The (Other) October Crisis

A new book revisits one of Canada’s most traumatic and telling moments

Model Behaviour

A Haida village as seen in a windy city

Liberal Interpretations

Making sense of Justin Trudeau and his party

Back to Back to the Land

A young novelist cleverly reimagines the draft dodger era

Joyce Kline

Once We Had a Country

Robert McGill

Knopf Canada

394 pages, softcover

ISBN: 9780307361202

Spoiler alert: Robert McGill’s beautifully crafted second novel is a shape shifter. One minute it is a universal coming-of-age story full of astute character observations and sly social comment; the next, a mystery novel teeter-tottering between rural Ontario and war-torn Laos. Defying easy categorization, Once We Had a Country somehow manages to turn the struggles of a commune of well-intentioned but woefully inexperienced American draft dodgers into a novel that defines what it means to be Canadian in the most Canadian way possible—by observing Americans.

If you were, or were raised by, or even were neighbour to, an American “back-to-the-lander” anywhere in rural 1970s Canada, you will get a kick out of this book. It is all there: the youthful idealism, juvenile rebellion and near–catastrophic naiveté of the hippie era. Luckily, McGill never stoops to beads and bell-bottoms cliché. As a result, his unflinching insights into the Canadian immigrant experience, American imperialism, television’s soporific mind bath and the nature of martyrdom brilliantly illuminate a crucial turning point in our history.
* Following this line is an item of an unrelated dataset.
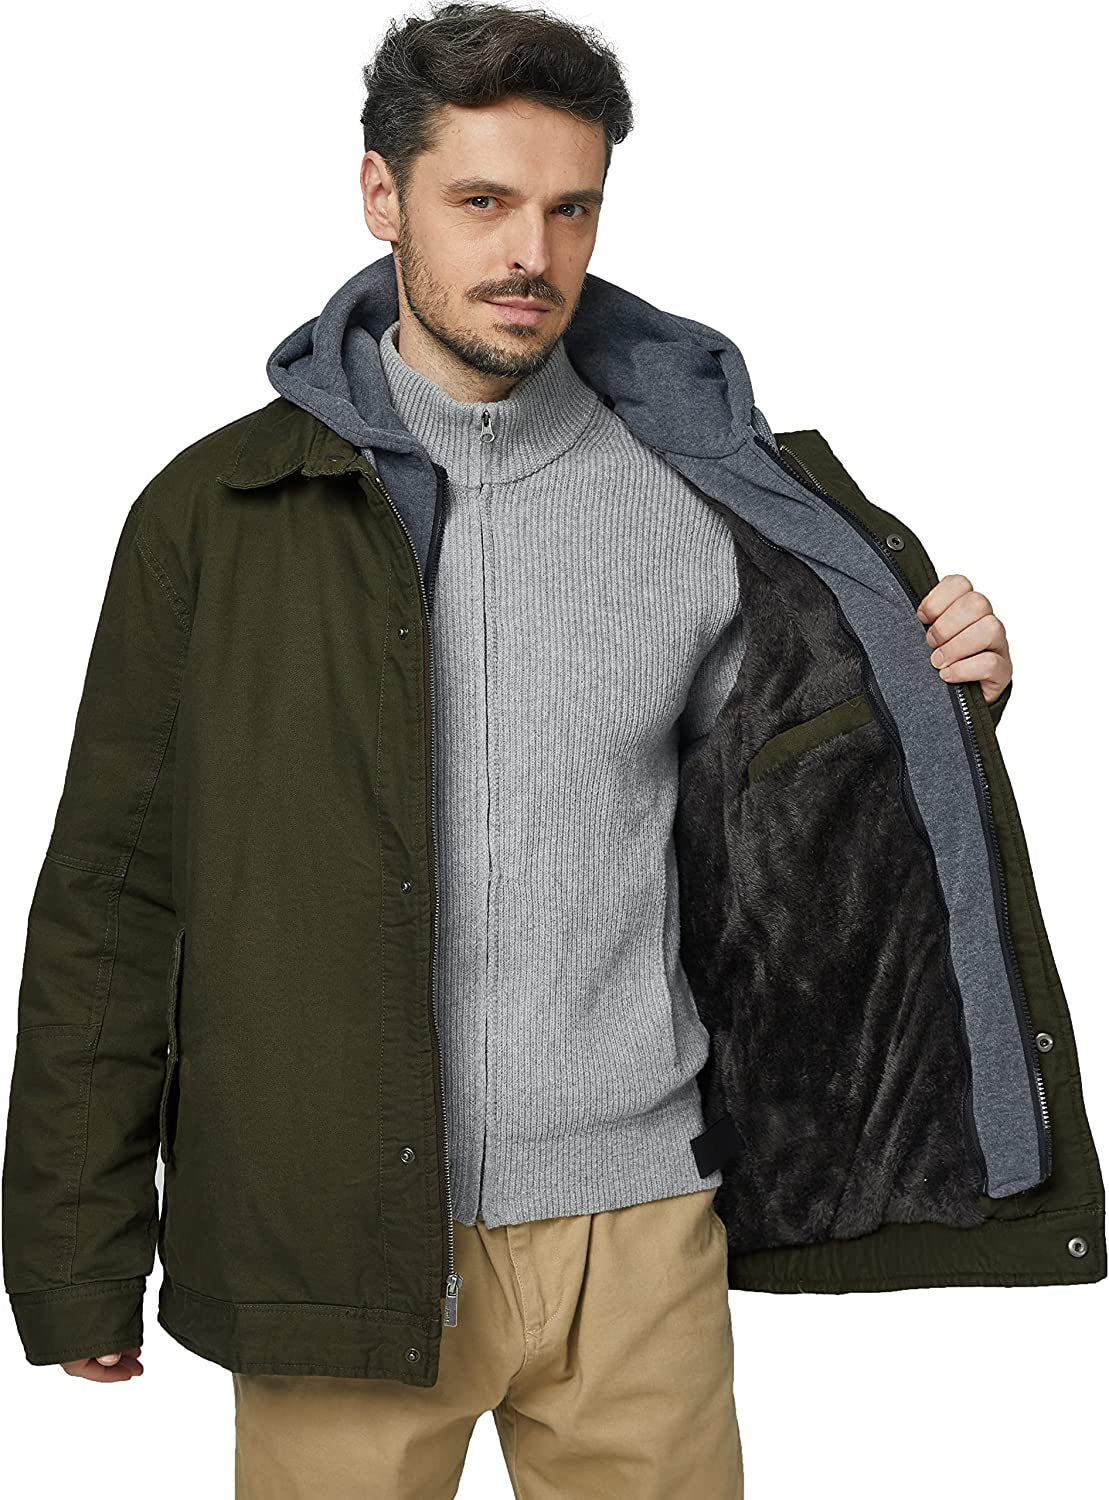 Men's Warm Winter Cotton Jacket

The novel revolves around 24-year-old Maggie, a self-effacing, failed grade school teacher crossing the border into Canada with her first real lover, upper-crust nice boy Fletcher Morgan. Their relationship is new and neither has any farming experience, but the two have ambitious plans to convert a failing Ontario cherry orchard into a profitable farm. Fortunately, the property is owned by Morgan Sugar Company, Fletcher’s father’s corporation. Since Fletcher has dropped out of law school and daddy doesn’t want to see him drafted, Morgan Sugar will foot the bill for Fletcher and Maggie to turn the farm around. In keeping with the spirit of the times, the couple expects to do this communally with the help of Fletcher’s variously dysfunctional friends.
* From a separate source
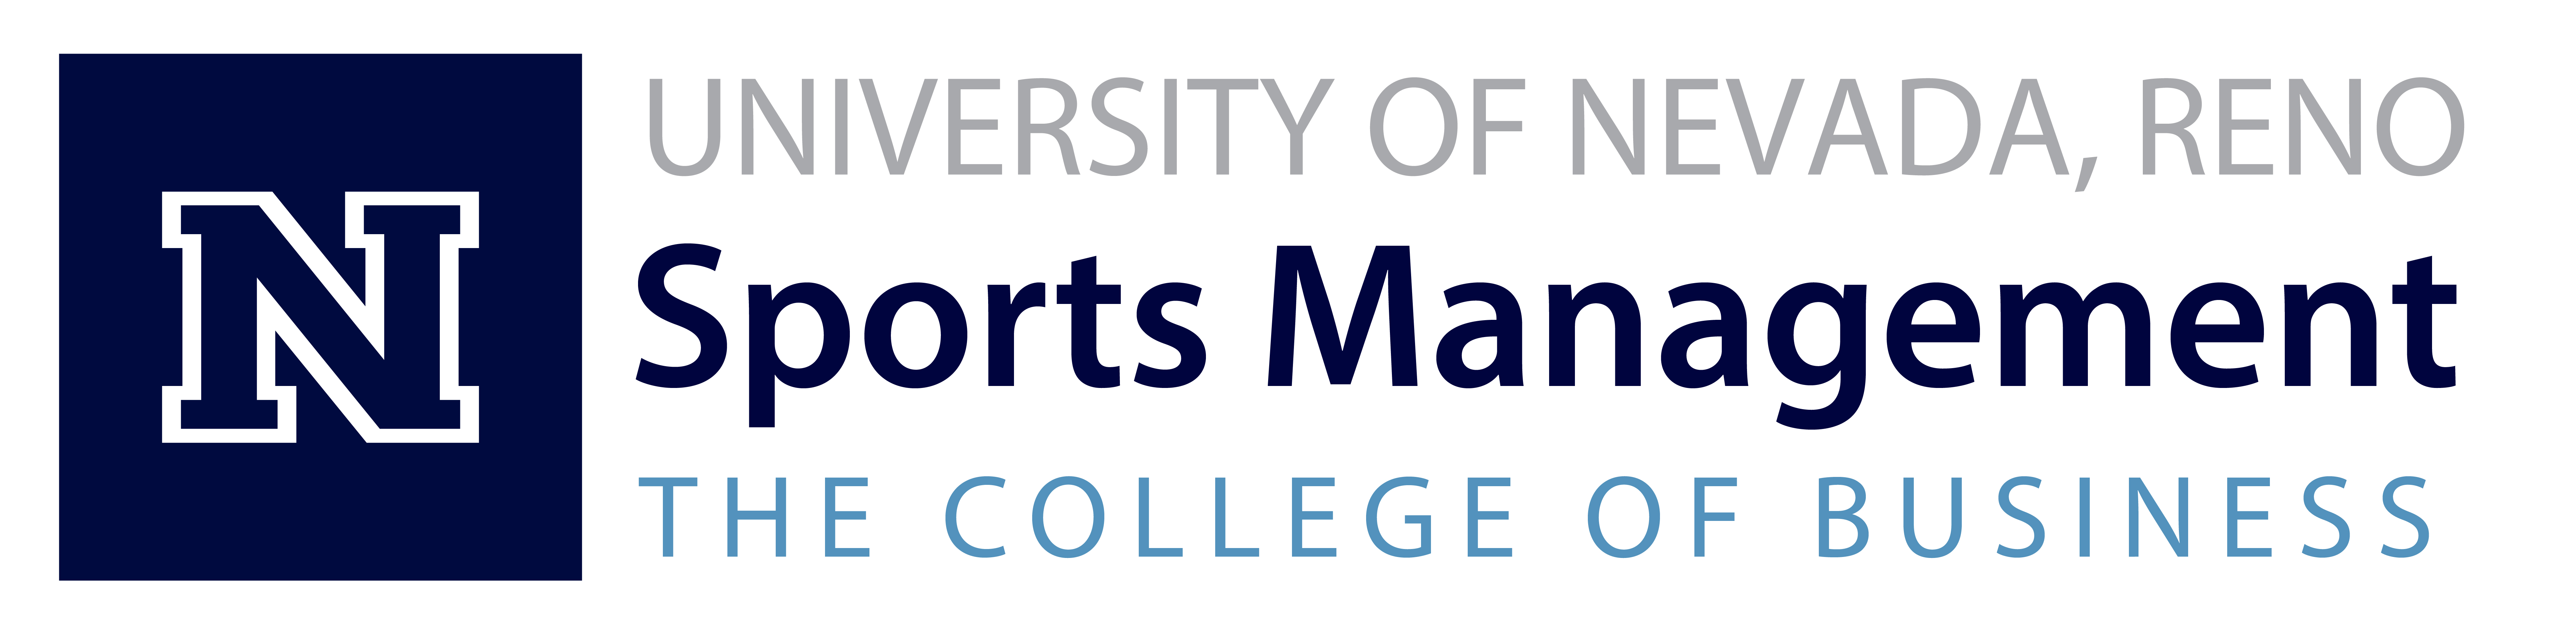 Sports Management logo

Not surprisingly, Fletcher eventually runs into the universal conundrum of communes: who is the boss in a “collective” owned by one person? McGill deftly follows the shift from Maggie’s initial idealism (“the idea of this place … is that we should all become good friends”) to poor Fletcher’s infuriated response to a list of petty grievances from his slacker fellow communards: “They can’t write me a complaints letter—it’s a fucking commune!”

Author Robert McGill was not born until 1976, so he must have psychically channelled his convincing cast of flawed but sympathetic characters. From rural white trash next-door neighbours to messed-up Vietnam vets, the portrait he paints is bang on. Fuelled as much by youthful rebellion as antiwar sentiment, “turn on, tune in, drop out” was the mantra of the times. (Who had heard of a mantra before that?) Flower children saw themselves as springing full-grown from Zeus’s forehead. They would start their world anew, untainted, and would never, ever repeat the mistakes of their parents’ generation. It is that childlike streak of “you can’t make me” that gives Maggie the courage to refuse to join her smothering father’s ill-conceived missionary work in Laos and instead strike out on her own mission to carve a life for herself in Canada.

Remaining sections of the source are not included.